• Amtrak Borealis: fka Empire Builder 2nd Daily Frequency Chicago - St Paul

  • Discussion related to Amtrak also known as the National Railroad Passenger Corp.
Discussion related to Amtrak also known as the National Railroad Passenger Corp.

Moderators: GirlOnTheTrain, mtuandrew, Tadman

  by ExCon90
 
Gilbert B Norman wrote: Thu Jun 06, 2024 7:27 am

OK so what's next; to make every stop The Cannonball made?
My impression, admittedly from a distance, is that intermediate stops are the lifeblood of this train, although they can be a nuisance if that's not where you're getting off. If needed sration facilities are already in place they could make it a flag stop for awhile to test the demand. A few extra minutes shouldn't do much harm.
  by Tadman
 
superbad wrote: Sun Jun 09, 2024 3:14 pm From my account Borealis is taking 2-3 minutes per stop. It is not like the empire builder. No assigned seating. They scan your ticket and the train leaves.
I hadn't considered this and it's another great reason to replace trains like the Eagle and Builder with extra corridor frequencies. I detest the officious crews lording their seating ability over passengers. I have rarely seen that little power go to someone's head so much. I recall a specific incident in KC when boarding the Chief to Chicago. The AC told us to get in car X and seat Y. We complied and stowed our bags and the train started moving. Minutes later an irate head conductor came through and demanded we get our bags and move multiple cars away. What a dick.
  by ExCon90
 
I think it's mainly the slowing down and the speeding up that eats up the time rather than the dwell time; if there are any present speed restrictions through Watertown, that would lessen the effect.

(I noticed years ago on the NEC that the PRR had many interlockings on or near restrictive curves and assumed it was so they could cross a train over where it had to slow down anyway.)
  by jp1822
 
daybeers wrote: Sun Jun 09, 2024 9:27 pm How do the stops take 2-3 minutes? Level boarding helps a lot, but I'm used to more like 15-60 seconds.
There's no sense of urgency by passengers boarding - most of the time, and also the crew sometimes too. Tickets being scanned on the platform is the BIGGEST sticking point. Single level or high level, the amount of time has certainly gotten longer, overall, in recent times to load and unload passengers.
  by Mackensen
 
daybeers wrote: Sun Jun 09, 2024 9:27 pm How do the stops take 2-3 minutes? Level boarding helps a lot, but I'm used to more like 15-60 seconds.
With Midwestern corridor trains using Horizon stock you have three issues:
  • No level boarding, so passengers are carrying luggage up and down steps
  • No automatic doors
  • Boarding restricted to where a crew member is present (a function of the first two)
I used to be a fairly regular traveler on the Wolverine and those three factors always dictated a boarding measured in minutes. Amtrak could eliminate a lot of headaches for itself by going over to proof-of-payment, but that wouldn't address those three issues.
  by charlesriverbranch
 
On the Downeaster, which has been running with Amfleet I coaches (but is being converted to Horizons), you still can't board or detrain anywhere but in Boston or Brunswick from more than one door. The other stops only have "mini" high level platforms.

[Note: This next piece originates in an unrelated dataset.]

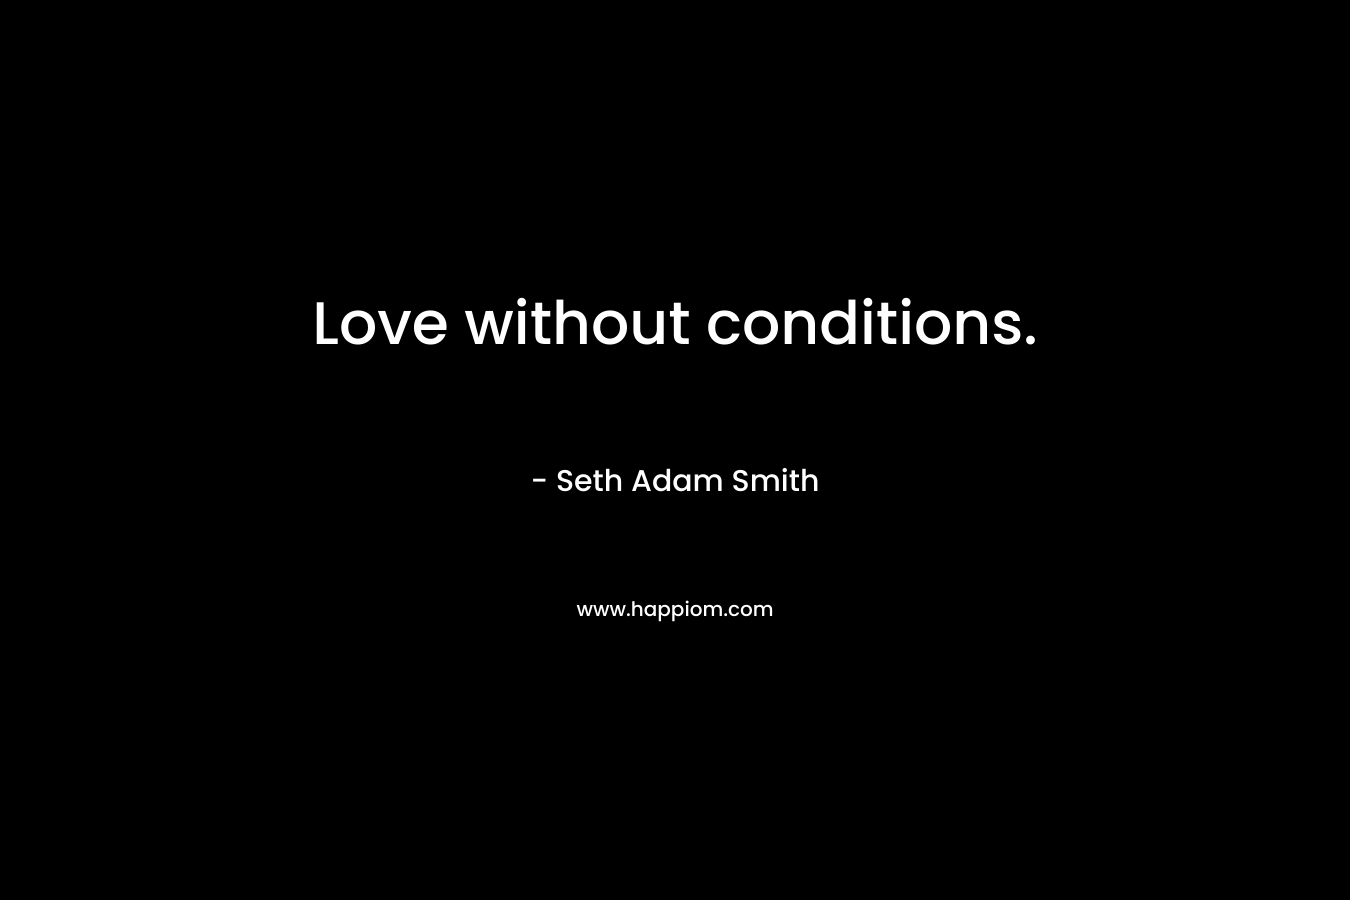 Love without conditions. – Seth Adam Smith

I gather the Borealis stations don't even have those.
  by RandallW
 
Amtrak is really wanting to do pre-ticketing where they don't control access to the platform b/c otherwise homeless and/or addicts use the trains as conveniences and its way easier for the crew to prevent them boarding than to get them ejected at the next station.
Last edited by RandallW on Fri Jun 14, 2024 6:23 pm, edited 1 time in total.
  by STrRedWolf
 
RandallW wrote: Fri Jun 14, 2024 4:53 am Amtrak is really wanting to do pre-ticketing where they don't control access to the platform b/c otherwise homeless and/or addicts use the trains as conveniences and its way easier for the crew to prevent them boarding than to get the ejected at the next station.
Easier to reject them early than have to call police to eject them later. Saves on delay time as well.
  by eolesen
 

daybeers wrote: Completely unnecessary and inconvenient. Juggling luggage, possibly toddlers, and they make you whip out your ticket?!
And yet, millions do this daily at airports and intercity bus terminals worldwide...

Sent from my SM-S911U using Tapatalk

  by Gilbert B Norman
 
Mr. Olesen, likely before your time as well as anyone else's other than mine around here, tickets were lifted in flight by the "Stews" as you were getting used to the four P&W's decibel level.

Ah, for the days as depicted in the "first of 'em" ('68) Airport flicks, where appropriately attired people went about uncrowded airports with nary a thought of TSA. Nevermind that the "bad boy" (inspired by real life) in that flick was the vanguard to that noted agency's formation.